Serving and Storing Your Brisket
When you remove the brisket from the slow cooker, use a spoon to scrape off any large pieces of fat from the brisket's fat cap, then thinly slice across the grain. Serve with the tender vegetables, the rich gravy, and a hearty piece of bread for dipping, on preferably a cold Sunday evening.
- wheat-free
- shellfish-free
- dairy-free
- fish-free
- alcohol-free
- peanut-free
- pork-free
- gluten-free
- egg-free
- soy-free
- tree-nut-free
Per serving, based on
8
servings. (% daily value)
- Calories 711
- Fat 43.5 g (67.0%)
- Saturated 15.7 g (78.4%)
- Carbs 46.1 g (15.4%)
- Fiber 4.4 g (17.6%)
- Sugars 28.4 g
- Protein 34.7 g (69.5%)
- Sodium 906.0 mg (37.7%)
Ingredients
- 1
(3-pound) beef brisket (preferably flat cut)
- 2 teaspoons
kosher salt, divided
- 3 tablespoons
vegetable oil
- 3
large sweet onions, thinly sliced
- 6 cloves
garlic, minced
- 1 teaspoon
smoked paprika
- 1 teaspoon
freshly ground black pepper
- 1 teaspoon
dried thyme
- 1 teaspoon
dried oregano
- 2 cups
low-sodium beef broth
- 1/2 cup
ketchup (see Recipe Notes)
- 1/2 cup
packed light brown sugar
- 1 tablespoon
tomato paste
- 1 pound
red potatoes, cut into 2-inch pieces
- 1 pound
carrots, peeled and cut into 1-inch pieces
Instructions
-
Prepare the brisket, set it in the slow cooker. Pat the brisket dry with paper towels. If your brisket has a particularly thick fat cap, you can remove it now — I almost never bother, though, as the fat makes for an even more luxurious brisket. Sprinkle the brisket on all sides with 1 teaspoon of the salt. Place it in a 6-quart or larger slow cooker.
-
Brown the onions and garlic over medium-high heat. Heat the oil in a large frying pan over medium-high heat until shimmering. Add the onions and cook until softened and beginning to brown and char in some spots, about 8 minutes. Add the garlic and cook until fragrant, about 2 minutes more.
-
Add the spices and cook until fragrant. Add the smoked paprika, black pepper, thyme, oregano, and remaining 1 teaspoon salt and cook, stirring occasionally, until very fragrant, about 1 minute.
-
Move the onions and garlic to the slow cooker, covering the brisket. Carefully transfer the onions over the brisket.
-
Deglaze the pan with the beef broth, then add the sauce ingredients and bring to a simmer. Return the pan to medium-high heat, add the broth, and use a spatula or wooden spoon to scrape all the lovely browned bits up off the bottom of the pan. Add the ketchup, brown sugar, and tomato paste, and stir to combine.
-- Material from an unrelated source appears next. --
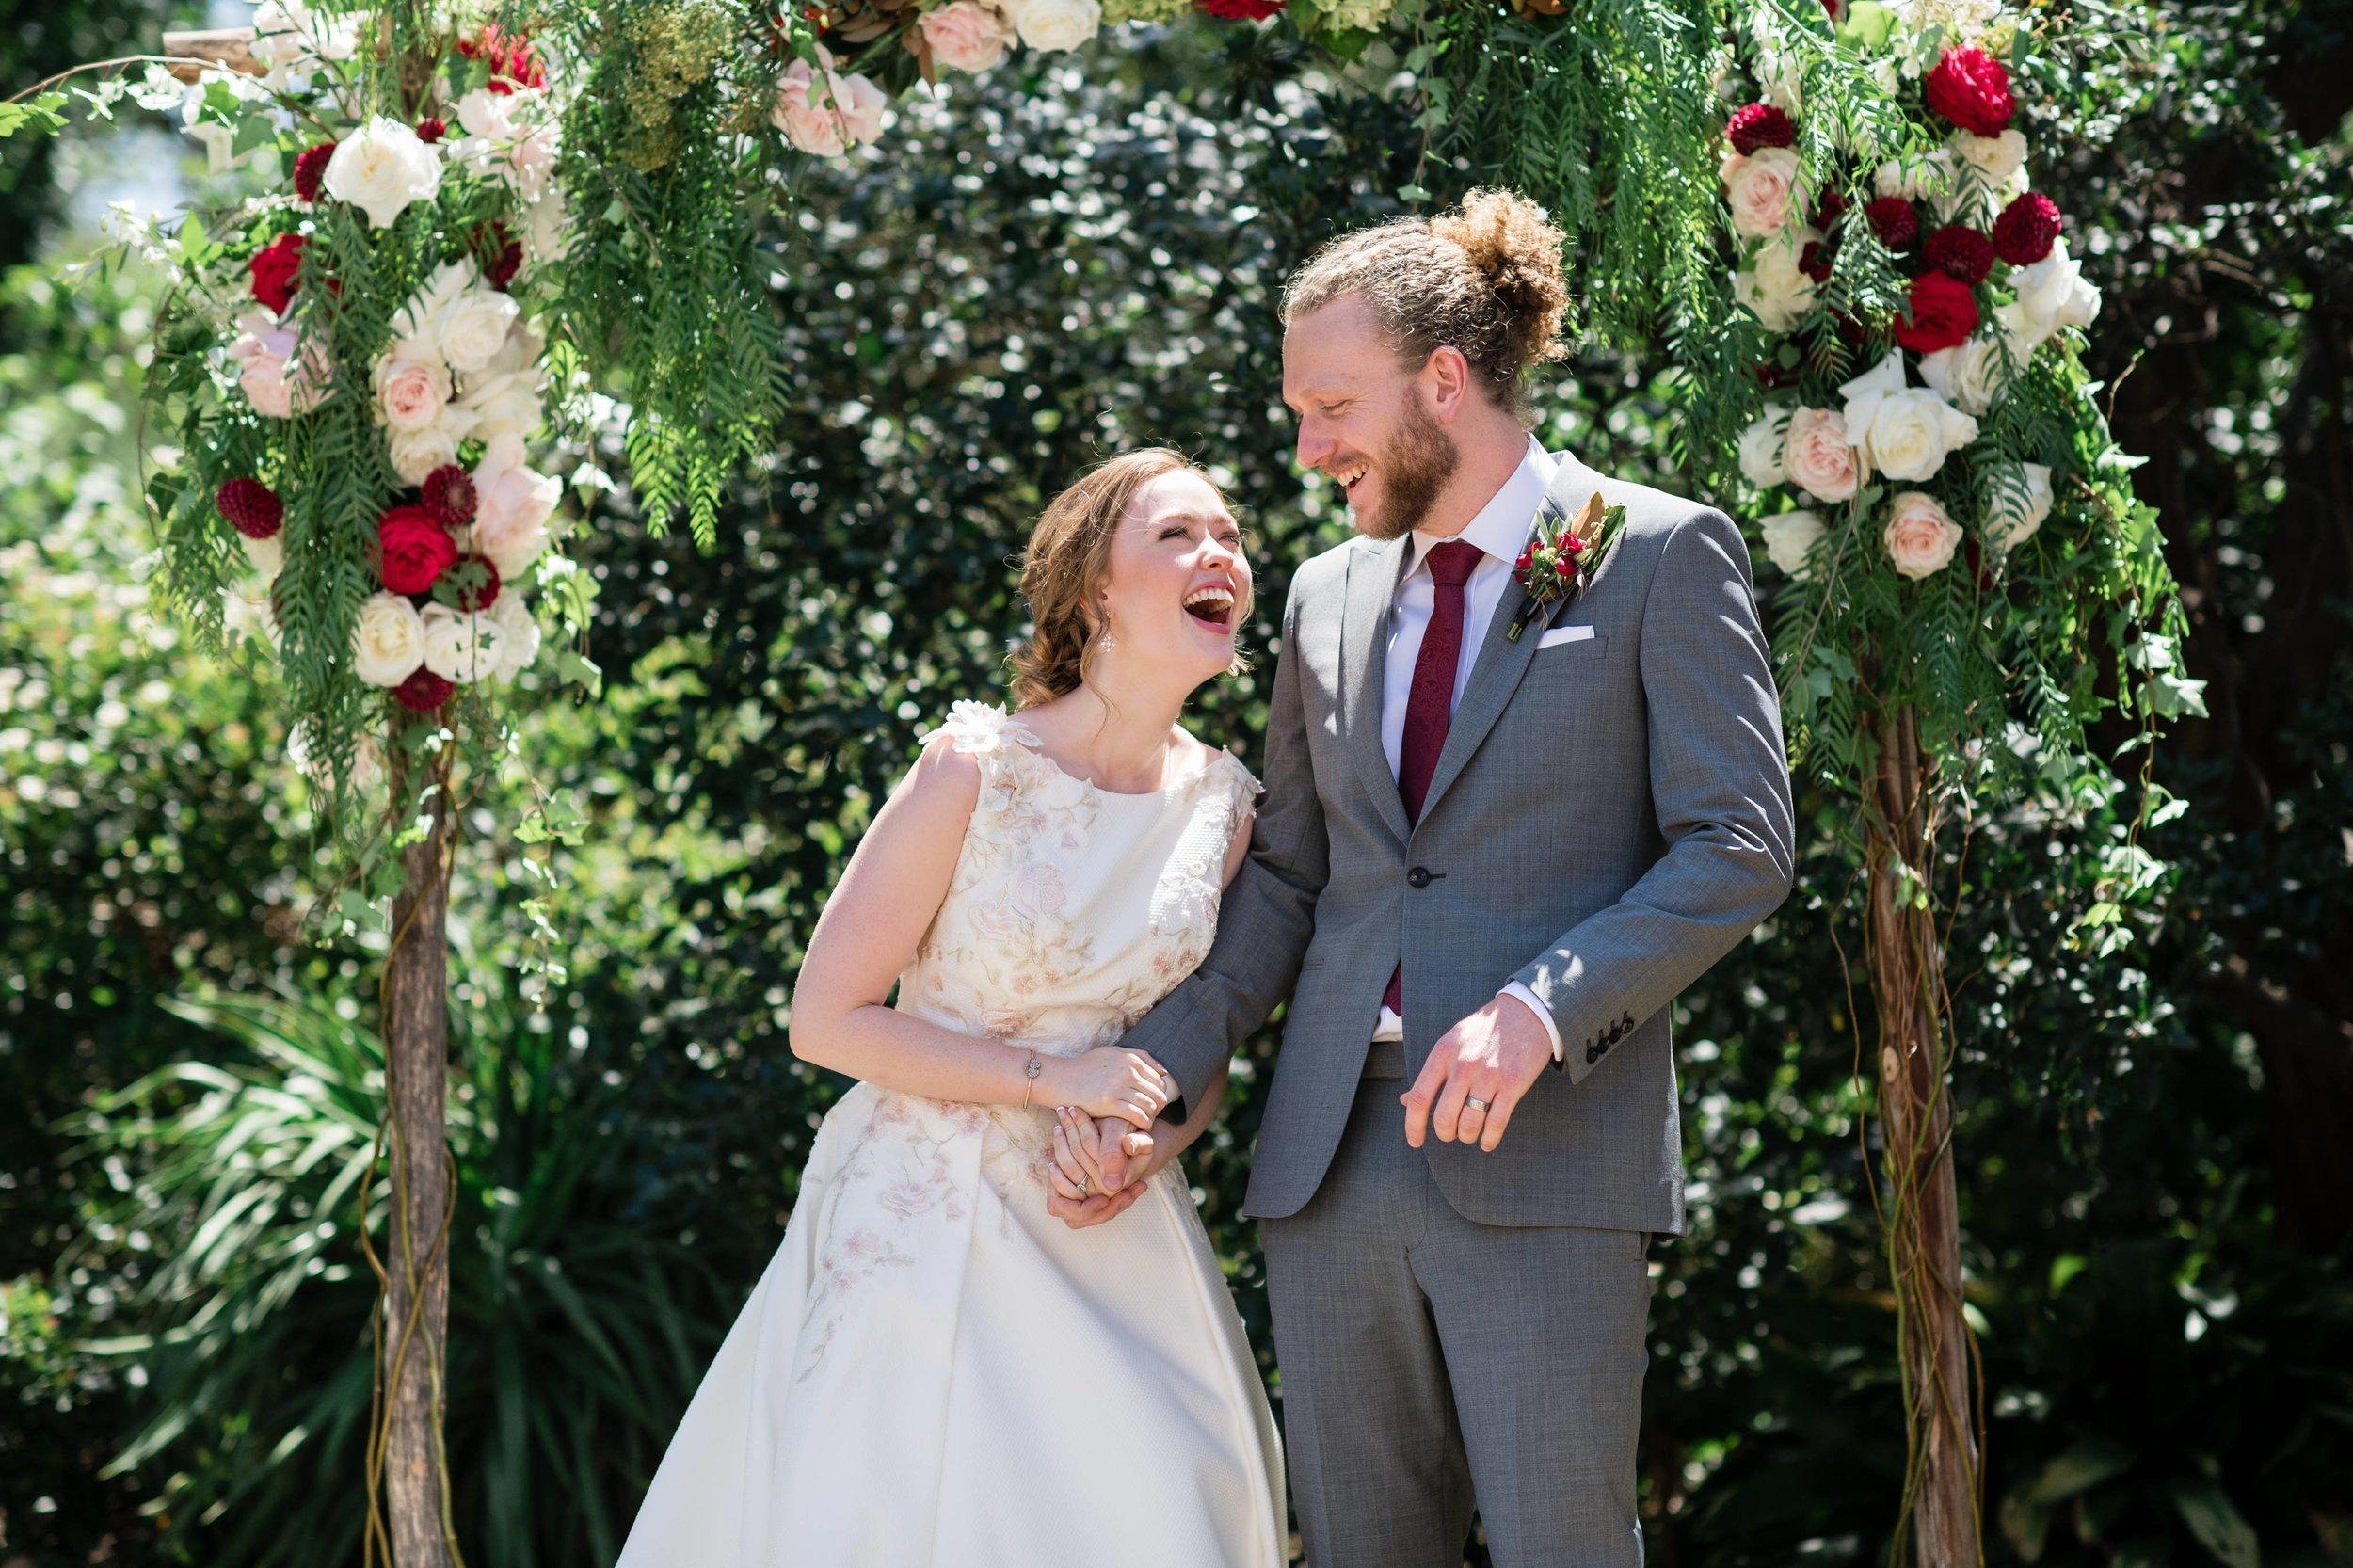 Post wedding kiss <3

Bring the mixture to a simmer, then pour over the onions and brisket.
-
Cover and cook on low for 6 to 8 hours. Add the potatoes and carrots to the slow cooker, tucking them around the brisket. Cover and cook on the LOW setting for 6 to 8 hours. The brisket is done when it easily shreds when pulled, but it shouldn't be falling apart.
-
Serving and storing the brisket. Transfer the brisket to a clean cutting board. If desired, use a spoon to scrape the fat cap off. Now you can slice and serve the brisket immediately, or slice the brisket and return it to the slow cooker to cool and then refrigerate — this is ideal for serving the dish to guests or if you'd like to remove more fat from the dish since it will harden. Serve the brisket with the potatoes, carrots, and a generous spoonful of the cooked onion and sauce.
Recipe Notes
Make ahead: The brisket can be cooked up to 3 days in advance. Store the brisket and vegetables covered with the gravy. Reheat in the slow cooker or in a baking dish covered with aluminum foil in a low oven.
Storage: Leftovers keep well for up to 5 days. Store the beef covered in extra gravy to keep the meat moist.
Kosher: For kosher cooks, make sure the ketchup is corn-syrup free.